Wenn ein Autofahrer Hilfe braucht

Abschleppen Nürnberg

Autopannen gehören für den einen oder anderen Autofahrer zum Alltag dazu. Ein stotternder Motor, eine leere Batterie, ein platter Reifen oder auch ein Problem mit dem Getriebe sind nur einige Dinge, die passieren können. Besonders ärgerlich ist es dann umso mehr, wenn diese Panne auf der Autobahn passiert. Dann hilft nur noch das Abschleppen. Neben dem Einsatz von Profis, die mit ihrem Abschleppwagen aus der Werkstatt aus Nürnberg kommen, können natürlich auch andere Autofahrer helfen. 

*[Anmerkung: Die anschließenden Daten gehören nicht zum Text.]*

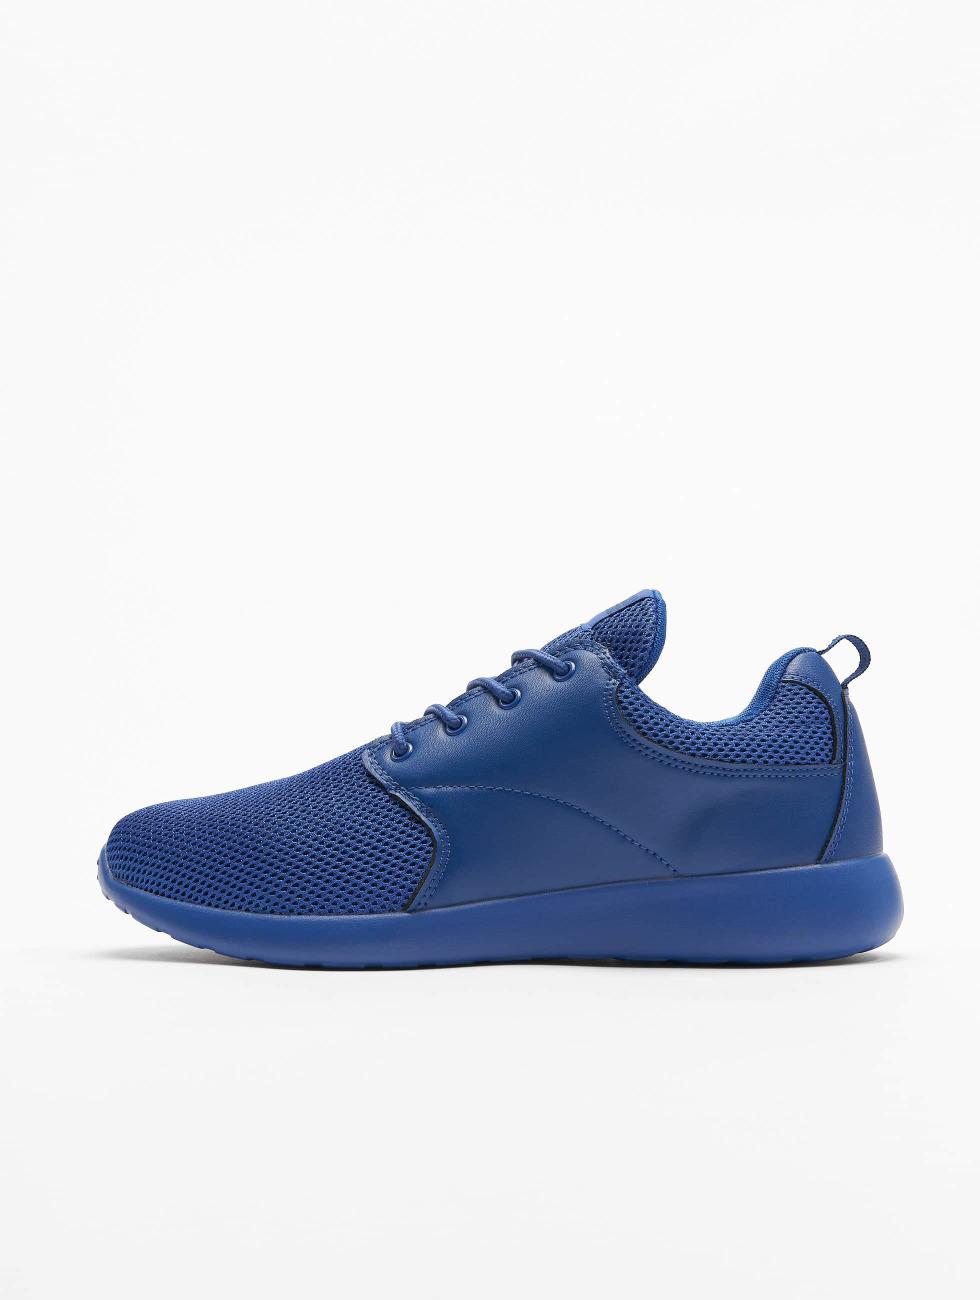 Footaction Goedkope Prijs Kopen Goedkope Sneakernews Urban Classics schoen / sneaker Light Runner in blauw 263830 2kKcq8h3r0

Aber diese müssen einige Voraussetzungen erfüllen, wenn sie ein anderes Auto auf der Autobahn abschleppen wollen. Ist dies nicht der Fall, sollte besser der Abschleppdienst das Abschleppen übernehmen. 

 

Das Abschleppen auf der Autobahn

Bevor ein Auto auf der Autobahn abgeschleppt werden darf, muss man sich zunächst davon überzeugen, dass selbst der Pannendienst den Schaden nicht vor Ort reparieren kann. Ist z. B. die Batterie leer, kann diese ohne weiteres mit Hilfe eines Startkabels wieder so fit gemacht werden, dass man noch selbst in die Werkstatt fahren kann. Es muss daher ein Schaden sein, der das Weiterfahren von selbst unmöglich macht. Darüber hinaus müssen beide Fahrzeuge von ihrer Größe und ihrem Gewicht her möglichst identisch sein. Ebenso muss der Pannenhelferwagen auch über die nötige Stange oder das Seil zum Abschleppen verfügen. Dies muss natürlich ebenfalls auf das Gewicht ausgelegt sein. Bestehen diese Voraussetzungen auf der Autobahn nicht, muss zum Abschleppen ein Abschleppunternehmen, wie zum Beispiel der Abschleppdienst  Nürnberg, gerufen werden. 

 

So schleppt man das Auto richtig ab 

Kann das Pannenfahrzeug mit einer ausreichenden Stange oder einem Seil dienen, dann kann das Auto abgeschleppt werden. Geht es nach den Experten des Abschleppdienstes, sollte man jedoch der Abschleppstange den Vorzug geben. Diese mag zwar ein wenig schwerer und ein bisschen teurer als ein herkömmliches Abschleppseil sein, sorgt aber dafür, dass während des Abschleppens der Abstand zwischen den Autos gleich bleibt. So ist die Gefahr wesentlich geringer, dass der hintere Wagen auffährt. Noch dazu lässt sich das Pannenhelfer Auto besser kontrollieren und lenken, was auf Grund des zusätzlichen Gewichts schon eine Einschränkung ist. Wer jedoch lieber das Abschleppseil vorzieht, der sollte darauf achten, dass dieses nur an den Abschleppösen befestigt werden darf, die bei jedem Auto vorne eingebaut sind. Darüber hinaus muss das Seil mit einer Fahne versehen werden und darf nicht weiter als fünf Meter vom hinteren Auto entfernt sein. Bevor die Fahrt im Schlepptau dann richtig losgehen kann, muss der Schlüssel des Pannenautos im Zündschloss auf die erste Stufe gesteckt werden. Dies verhindert ein Einrasten des Lenkradschlosses. Darüber hinaus muss auch der Warnblinker eingeschalter werden. Funktioniert dieser nicht, darf das Auto nicht von einem anderen privatem Auto abgeschleppt werden. Dann muss ebenfalls der professionelle Abschleppdienst aus Nürnberg gerufen werden. Wenn der Warnblinker geht, muss das Auto so schnell es geht, zur nächsten Ausfahrt abgeschleppt werden. Dabei beträgt die Höchstgeschwindigkeit vierzig Kilometer. Da der Warnblinker beim Abschleppen nicht ausgeschaltet werden darf, muss der Fahrer des kaputten Autos zudem auch auf die Handzeichen des Vordermannes achten. Steuert dieser den Wagen nach links, hält er die Hand aus dem Fahrerfenster. Geht es in die andere Richtung, muss er die Hand aus dem Autodach halten.